Lighthouse Property Insurance Corporation (LPIC) and subsidiary Lighthouse Excalibur Insurance Company (LEIC) became the fourth property insurer in Louisiana to go out of business in the last week, as the Louisiana Department of Insurance took action again in the wake of a period of hurricane landfalls and losses.

Coastal challenges in Louisiana have been delivered by a spate of hurricanes and tropical storms, with reinsurance exhausted and capital depleted, the four insurers that have failed stood little chance of survival.

The impacts of hurricanes Laura, Delta and Zeta in 2020, which cost insurers operating in Louisiana $10.6 billion, followed by Hurricane Ida, which is estimated to cost insurers in the state between $10 billion and $15 billion, as well as increasing labor and materials prices caused by the hurricanes and high inflation, are all blamed for causing the four insurers to exhaust their reinsurance coverage and run out of money.

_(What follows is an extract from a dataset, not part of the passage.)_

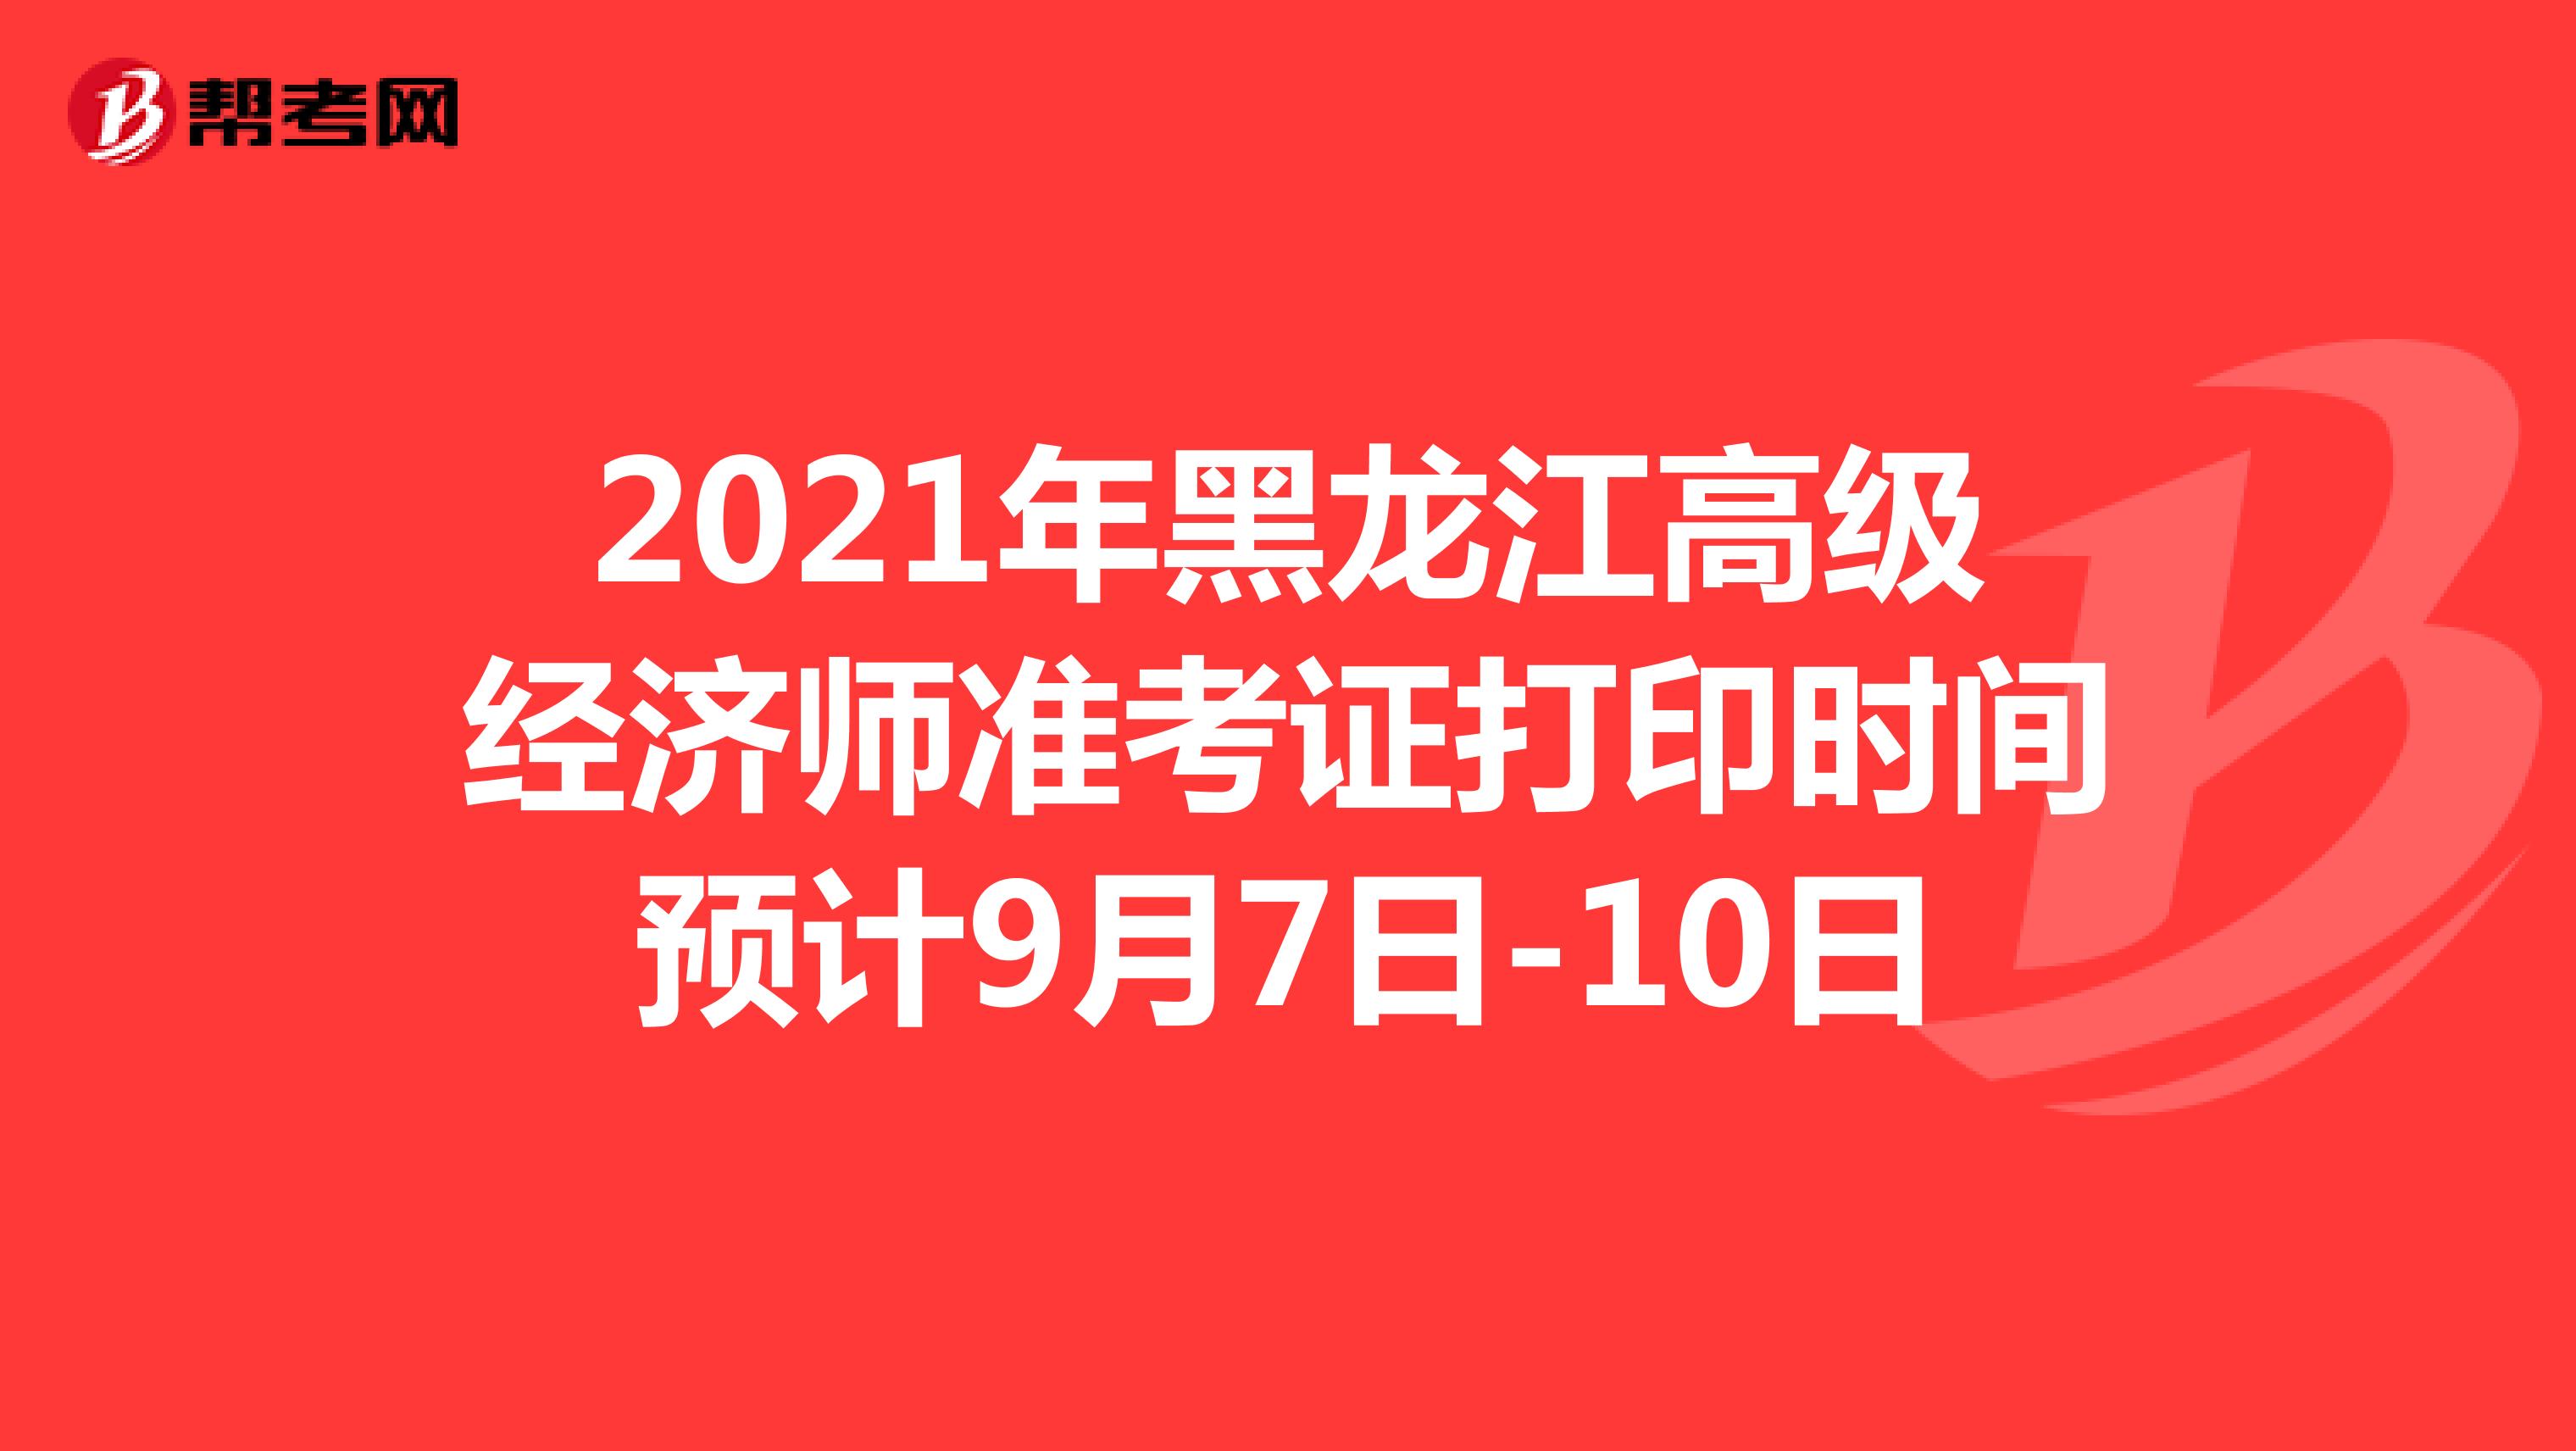 2021年黑龙江高级经济师准考证打印时间预计9月7日-10日

“Losing a fourth insurer to the unprecedented 2020 and 2021 hurricane seasons is unfortunate, but I’m proud of how effectively we have managed the insolvencies so far,” Louisiana Insurance Commissioner Donelon said. “For the first three failed insurers, we were able to quickly find an insurer to take over their policies on the same terms and conditions policyholders had under the failed companies, and I’m hopeful we will do the same for Lighthouse policyholders. Meanwhile, LIGA has shown it is capable and ready to handle paying up to $500,000 of the failed insurers’ remaining claims.”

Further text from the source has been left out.